Just my take on this. I could be totally wrong.

Reactions: Agree 2


----------



## Hooked (4/10/17)

antonherbst said:


> Like i just said in your previous thread. Curious vaper.
> 
> I would rate the effect it could have on them exactly proportional to how it would affect a person exposed to the 2nd hand vapor. Very minimal and hardly something i think would be negative to them.
> 
> Just my take on this. I could be totally wrong.

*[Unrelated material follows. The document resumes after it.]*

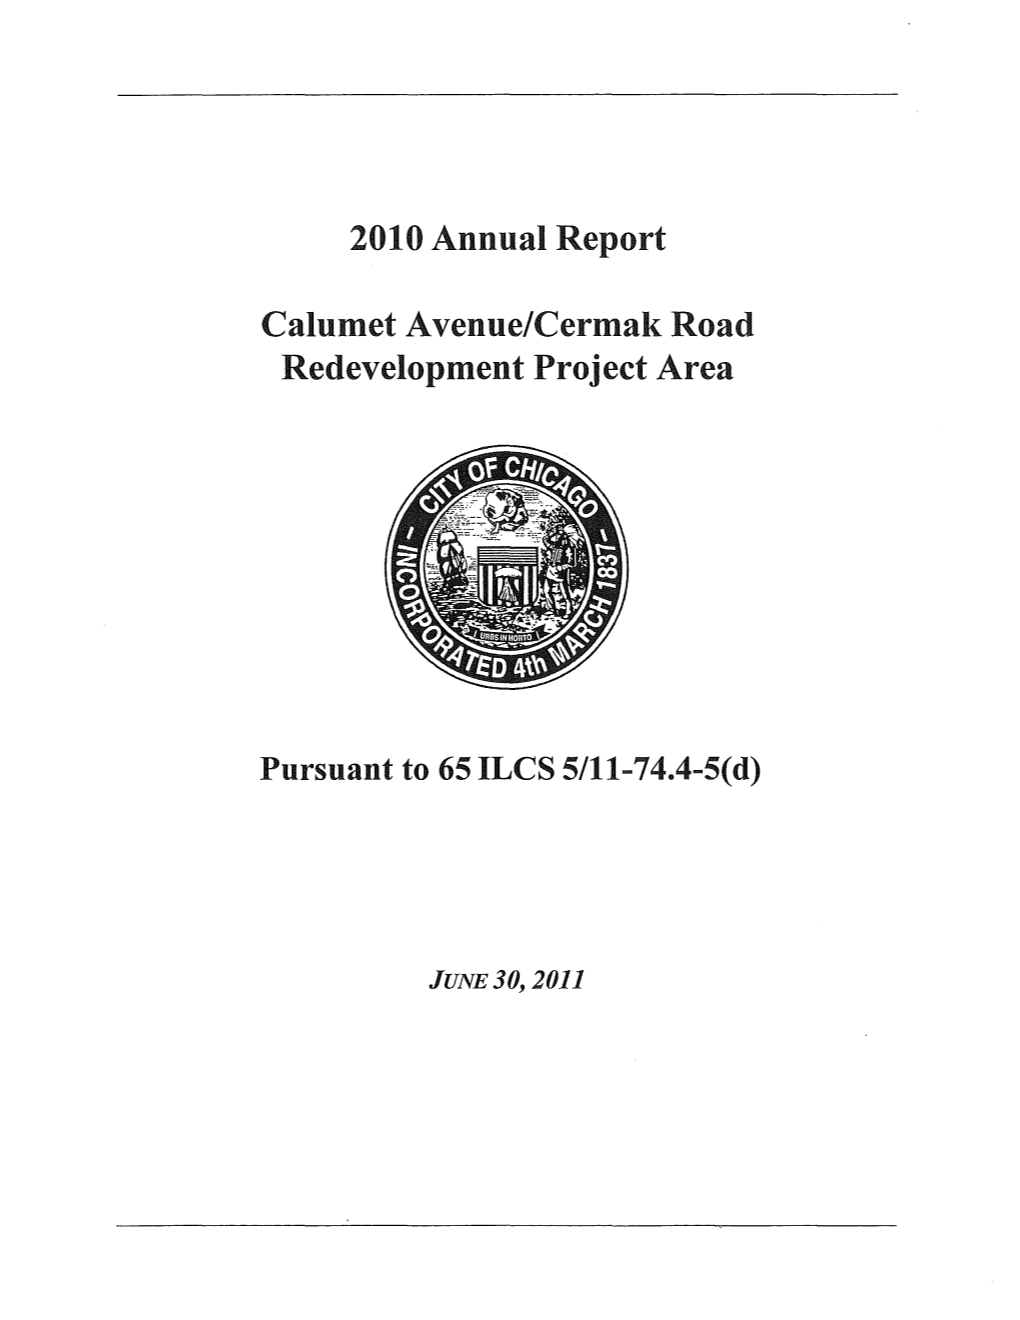 2010 Annual Report Calumet Avenue/Cermak Road Redevelopment Project Area

Not sure about the minimal part ... a dog's body mass in proportion to the vapour is so much less than a human's, so perhaps the vapour has a greater effect on a dog?


----------



## Hooked (4/10/17)

Hooked said:


> Not sure about the minimal part ... a dog's body mass in proportion to the vapour is so much less than a human's, so perhaps the vapour has a greater effect on a dog?


lol maybe I should change my handle from Hooked to Curious Vaper!


----------



## antonherbst (4/10/17)

Hooked said:


> Not sure about the minimal part ... a dog's body mass in proportion to the vapour is so much less than a human's, so perhaps the vapour has a greater effect on a dog?



Then that same chain of thought can be applied to dogs inhaling smoke? What i think is the difference in how it affects their bodies is not as bad as you think due to them having a different rate of metabolising the “contaminants” to how humans do. So for us it could cause multiple things and for dogs in might not affect them as bad. But i am no expert at vaping and animals. 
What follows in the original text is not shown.